The following sections describe the quality control (QC) tests in more detail. The tests are based on those developed in:
Kennedy, J. J., Rayner, N. A., Atkinson, C. P., & Killick, R. E. (2019). An Ensemble Data Set of Sea Surface Temperature Change from 1850: The Met Office Hadley Centre HadSST.4.0.0.0 Data Set. Journal of Geophysical Research: Atmospheres, 124. https://doi.org/10.1029/2018JD029867
Willett, K. M., Dunn, R. J. H., Kennedy, J. J., and Berry, D. I.: Development of the HadISDH.marine humidity climate monitoring dataset, Earth Syst. Sci. Data, 12, 2853-2880, https://doi.org/10.5194/essd-12-2853-2020, 2020.
Xu, F., and A. Ignatov, 2014: In situ SST Quality Monitor (iQuam). J. Atmos. Oceanic Technol., 31, 164-180, https://doi.org/10.1175/JTECH-D-13-00121.1.
Atkinson, C. P., N. A. Rayner, J. Roberts-Jones, and R. O. Smith (2013), Assessing the quality of sea surface temperature observations from drifting buoys and ships on a platform-by-platform basis, J. Geophys. Res. Oceans, 118, 3507-3529, https://doi.org/10.1002/jgrc.20257
QC Flags¶
The QC checks output QC flags that indicate the status of each observation. There are four numbered flags:
0: Passed - the report has passed this particular quality control check.
1: Failed - the report has failed this particular quality control check.
2: Untestable - the report cannot be tested using this quality control check, usually because one or more pieces of information are missing. For example, a climatology check with a missing climatology value.
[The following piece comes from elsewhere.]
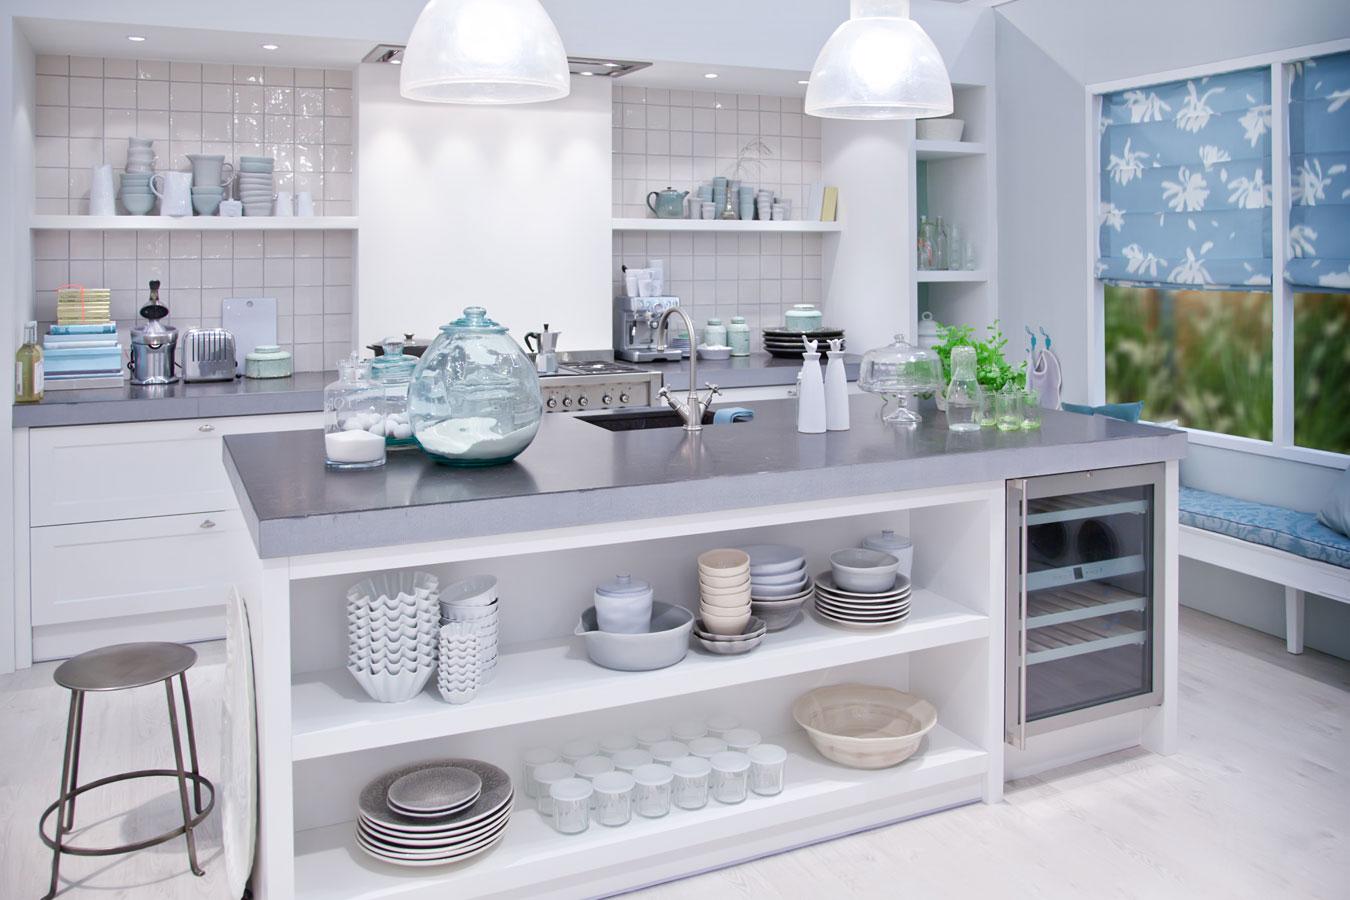 Keuken Beton Werkblad : Idyllische open keuken met betonnen werkblad

3: Untested - the report has not been tested for this quality control check.
Running the QC Checks¶
The QC checks can be run simply. Each one takes one or more input values, which can be a float, list, 1-d numpy array or Pandas DataSeries, along with zero or more parameters depending on the function.
So, for example, one can run a hard limit check like so:
input_values = np.array([-15.0, 0.0, 20.0, 55.0])
result = do_hard_limit_check(input_values, [-10., 40.])
Additionally, some checks use climatological averages which can be provided like the other
inputs, or passed as a Climatology object. For example, the climatology check can be run like so:
input_ssts = np.array([15.0, 17.3, 21.3, 32.0])
climatological_averages = np.array([14.0, 15.8, 19.1, 20.3])
result = do_climatology_check(input_ssts, climatological_averages, 8.0)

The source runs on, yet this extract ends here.